─── SOURCE MATERIAL ───
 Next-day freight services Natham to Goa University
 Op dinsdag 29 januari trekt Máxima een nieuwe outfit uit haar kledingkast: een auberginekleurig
───
─── SOURCE MATERIAL ───
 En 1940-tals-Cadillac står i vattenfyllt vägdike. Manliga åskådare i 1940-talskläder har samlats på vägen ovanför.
───
─── SOURCE MATERIAL ───
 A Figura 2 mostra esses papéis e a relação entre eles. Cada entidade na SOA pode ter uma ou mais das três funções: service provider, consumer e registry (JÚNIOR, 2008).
───
WHAT TO DO: Using the entries above, extract exactly the span from the line with "Next-day freight services" to the line with "Op dinsdag 29", both lines included; leave out everything else.

ANSWER:
 Next-day freight services Natham to Goa University
 Op dinsdag 29 januari trekt Máxima een nieuwe outfit uit haar kledingkast: een auberginekleurig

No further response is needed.